The oil market’s volatile 2022 is set to bleed into next year, depending on how three global geopolitical and economic factors play out.
Oil prices have been on a rollercoaster ride this year. Prices for Brent crude were already rising at the start of 2022 as the global economy rebounded from a pandemic-induced slowdown, but hit $130 a barrel in March as countries debated banning oil imports from Russia in the wake of the Ukraine invasion.
High oil prices contributed to rising inflation and gasoline prices in the U.S. earlier this year, but most of its gains have since been erased due to low demand in China and after President Biden released 180 million barrels from the U.S. strategic petroleum reserve in March.
But with uncertainty continuing to cloud the global economy, oil markets could be in for a wild 2023 as well.
Oil prices could end up anywhere from $70 to $121 a barrel next year according to Daniel Yergin, vice chairman of S&P Global and a top economic and energy historian. The direction oil will take largely comes down to how the global economy fares in 2023, how the war in Ukraine develops, and how China’s emergence from its zero-COVID paradigm shapes up, Yergin said in an interview with CNBC on Tuesday.
“Our base case for 2023 is $90 for Brent, but you have to look at other cases,” Yergin said.
Volatile 2023. Down…
S&P’s base case of $90 a barrel for Brent crude next year tracks with similar projections from investment banks Goldman Sachs and JPMorgan, but Yergin emphasized that critical global geopolitical factors could lead to wild swings in the market.

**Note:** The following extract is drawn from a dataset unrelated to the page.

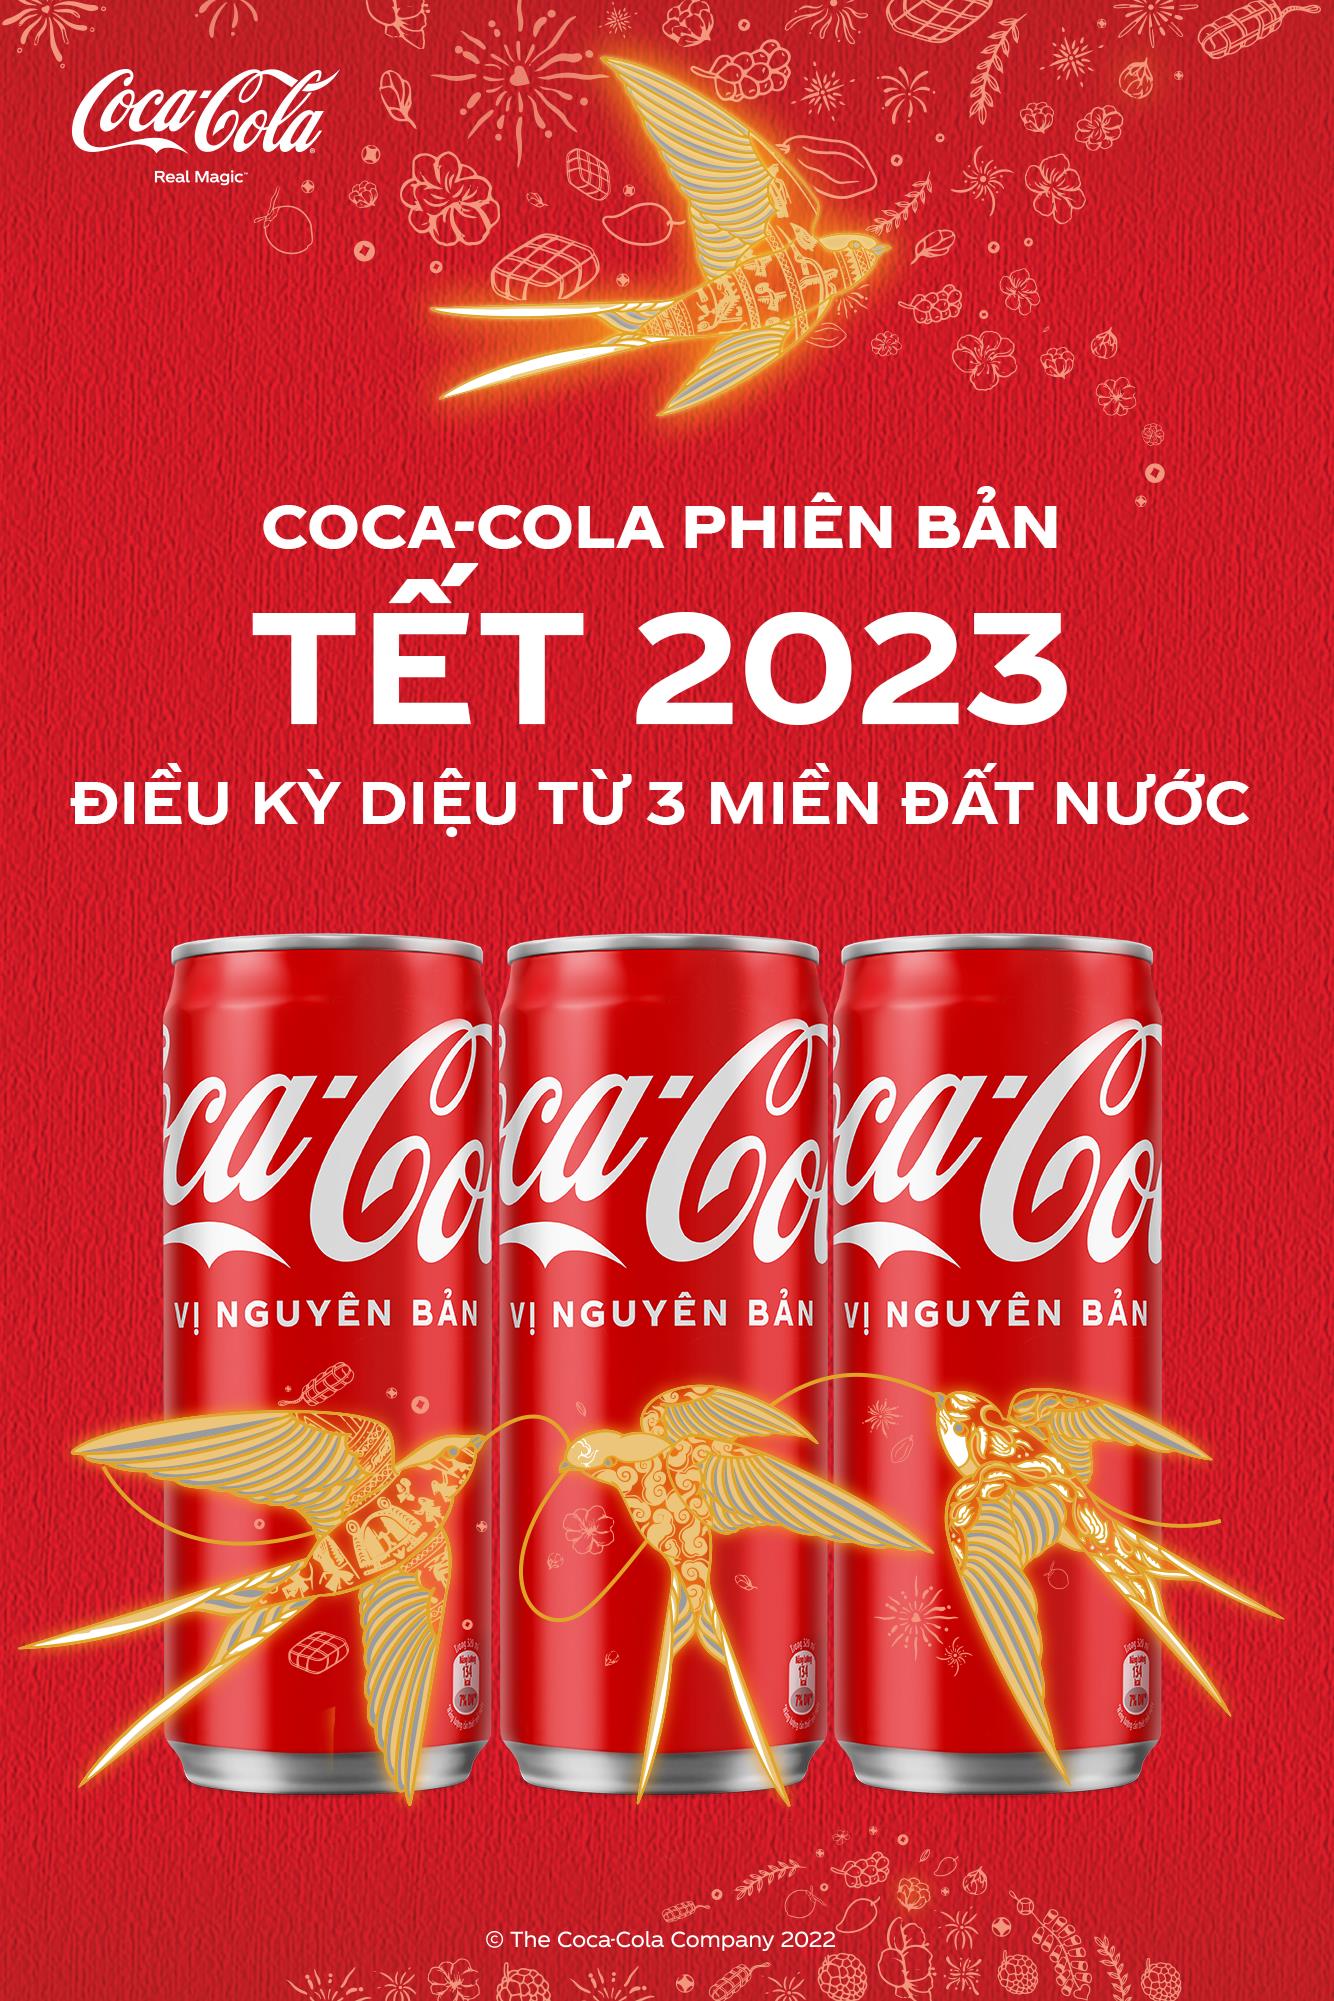 Coca-Cola Việt Nam xác lập kỷ lục thế giới trong chiến dịch Tết 2023, tôn vinh khoảnh khắc diệu kỳ gắn kết gia đình - Ảnh 7.

On the low end, oil prices could bottom out at $70 a barrel next year in the case of a “real recession,” Yergin said. In the U.S., economists are predicting a 70% chance of a recession in 2023 after the Federal Reserve raised interest rates six times this year with more hikes planned for early next year. In the EU and the U.K., meanwhile, a recession is likely before the end of 2022, if it hasn’t started already.
In its October Commodity Outlook Report, the World Bank also warned that a global recession could significantly drag down oil prices next year, saying the “prospect of a global recession could lead to much weaker oil consumption.”
At the other extreme, oil prices could receive a “big boost” if China’s lifting of zero-COVID policies goes to plan, Yergin said, predicting prices to hit $121 a barrel if China is able to reopen successfully.
Oil demand globally has been subdued this year partially because of China’s many lockdowns, which have softened consumer spending and economic activity. China began lifting its strict COVID protocols earlier this month in a bid to reinvigorate economic growth, but the future of the country’s energy demand remains up in the air. Health officials have warned the country’s sudden COVID policy U-turn could lead to a “wildfire” spread in infections, and outbreaks have already forced office employees to work from home and factories to shut down.
S&P has forecasted China’s energy demand to surge by the equivalent of 3.3 million barrels of oil a day next year, up from basically no growth in 2022, but recovery will likely take some time.
“People’s will to go out may still be conservative in the next one or two months as most cities have yet to see big outbreaks,” Zhang Xiao, an analyst at energy analytics company OilChem, said at a webinar last week. “The market will wait at least till March to see a recovery in gasoline demand.”
The third factor adding an element of volatility into next year’s oil market, according to Yergin, will be the effect of the EU’s long-awaited caps on Russian energy imports, and how Russian President Vladimir Putin reacts to them.
This week, European officials agreed to cap Russian natural gas prices to stave off an energy crisis on the continent and limit payments to Russia. The mechanism will halt trading on European exchanges if prices exceed €180 (about ¢190) per megawatt hour for three days, capping the price at which gas can be traded. Earlier this month, the EU agreed on a €60 per barrel price cap for imported Russian oil.
Yergin said the price cap mechanisms “probably will work,” but could also set the stage for higher gas and oil prices in the future.
The Kremlin has not received the oil price cap well, with Putin calling it a “stupid decision” that is “harmful to global energy markets.” At a news conference earlier this month, Putin even suggested Russia would “consider a possible reduction in production if necessary.”
If Russia were to draw down oil production, it could send oil prices higher next year, a scenario that remains plausible according to a recent research report from Bruegel, a Brussels-based economics and policy think tank.
“The Kremlin may cut exports to spite the cap to try to raise global oil prices,” Bruegel researchers wrote, adding that Russia could seek to circumvent the cap even if it means lower profits. “Even if cutting exports hurts Russia, the Kremlin may decide to do so as a signal of its willingness to suffer economic pain.”